Princeton University Press

Publication Date:

2017

Number of Pages:

408

Format:

Paperback

Price:

49.50

ISBN:

9780691175461

Category:

Textbook

BLL Rating:

BLL

The Basic Library List Committee suggests that undergraduate mathematics libraries consider this book for acquisition.

MAA Review
Table of Contents

[Reviewed by

Jason M. Graham

, on

08/9/2017

]

Today, data science involves an interesting mixture of area-specific content knowledge with quantitative methods and computing. Furthermore, one may find data scientists occupying positions in a variety of academic departments, from computer science to marketing, and also in a variety of different industries. Of course, being well established collectors of data, social scientists ranging from the political to the psychological often require as much use of modern data science tools as any other group of researchers. Yet social scientists do not typically obtain the same level of training in computing, mathematics and statistics as their peers in the natural and computing sciences. Hence the existence of this book.

In Quantitative Social Science the reader will learn about essential techniques from probability and statistics, predictive modeling, network analysis, data wrangling and visualization, and a few other related topics.
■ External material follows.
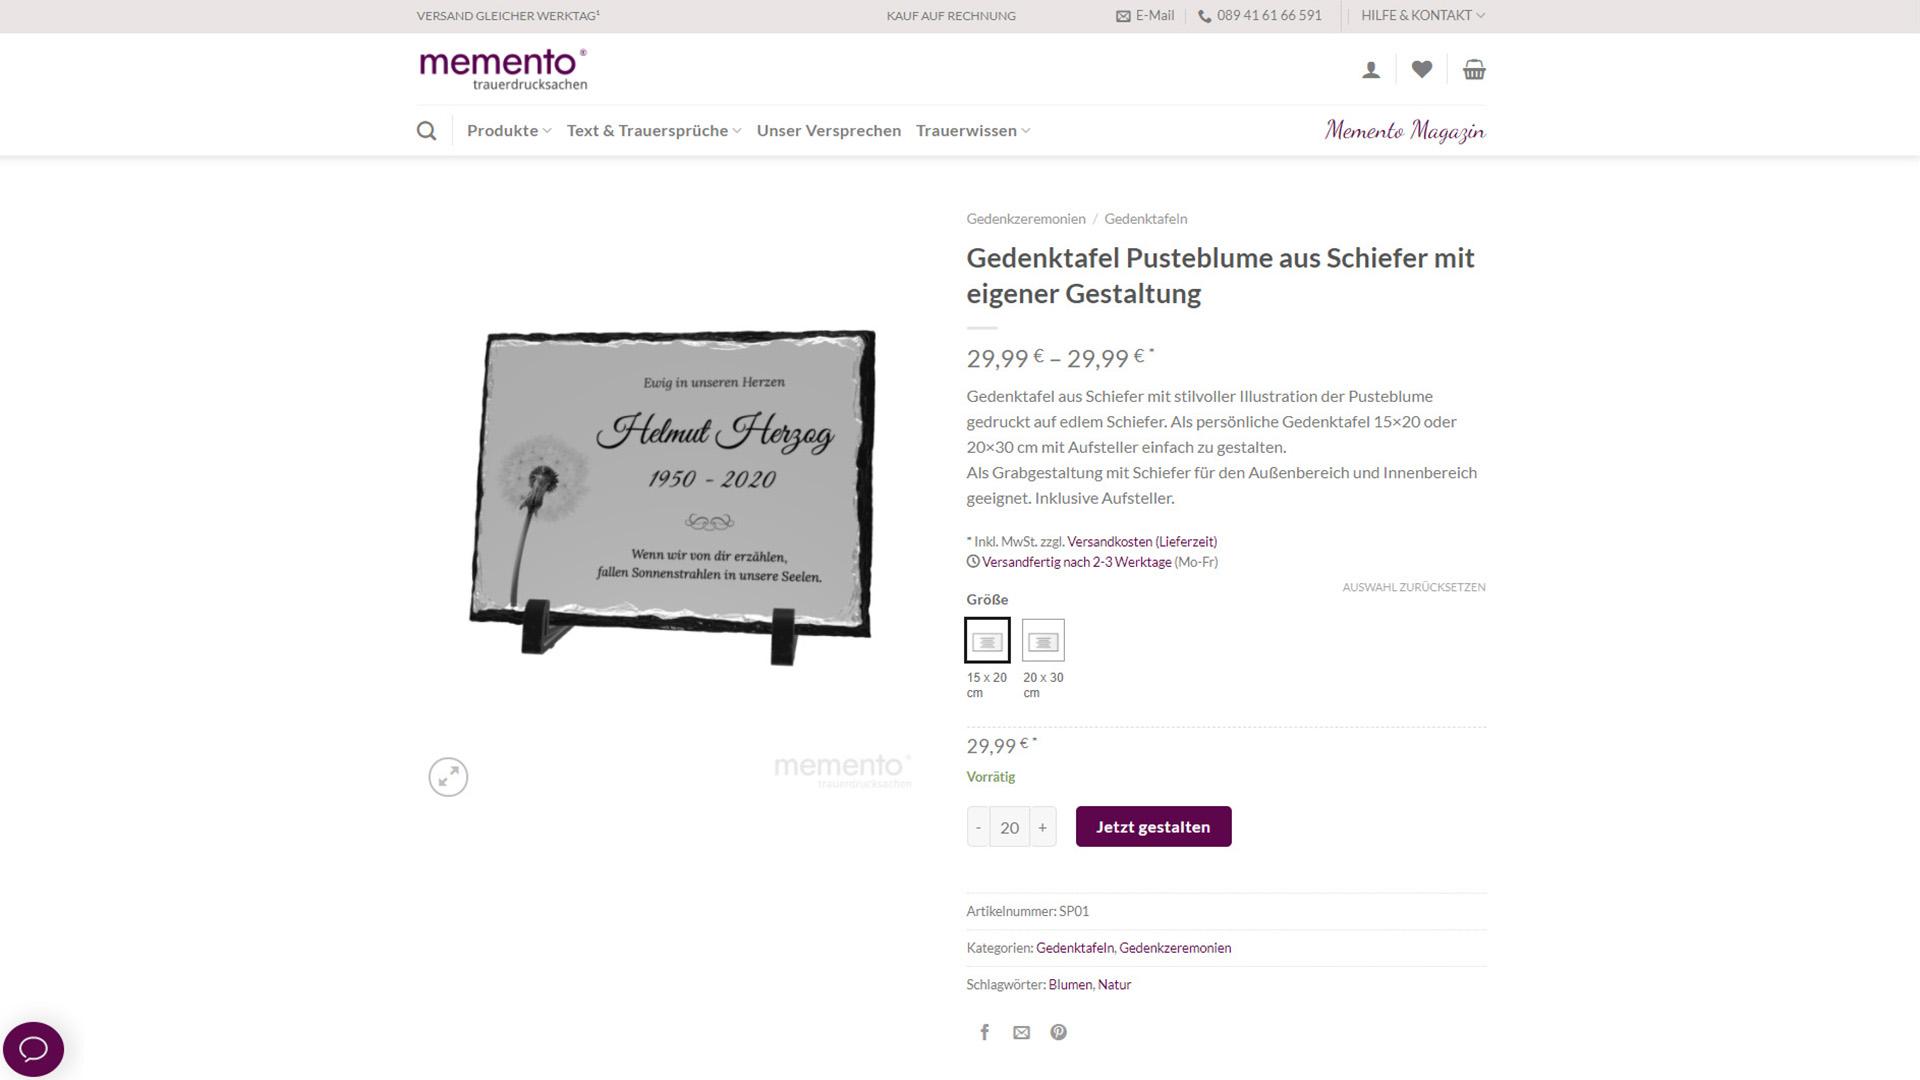 Memento Webshop Konfigurator Schiefertafel Webseite

The book is written with the needs of social scientists in mind, but this does not mean that the reader must come from a social science background to benefit from reading it. In fact, I believe that this book provides an excellent introduction to data science for almost anyone. This is because the author has masterfully balanced careful explanations of the quantitative theory with the practical computer implementation of the methods applied to real world data sets that many readers will find interesting and appealing.

In order to implement methods and provide the reader with hands on experience in analyzing real data, the author has adopted the R statistical computing platform. In Quantitative Social Science the reader will learn the basics of R and see the relevant R code written out in full. Additionally, there is a website where the reader can access and download data sets and R code.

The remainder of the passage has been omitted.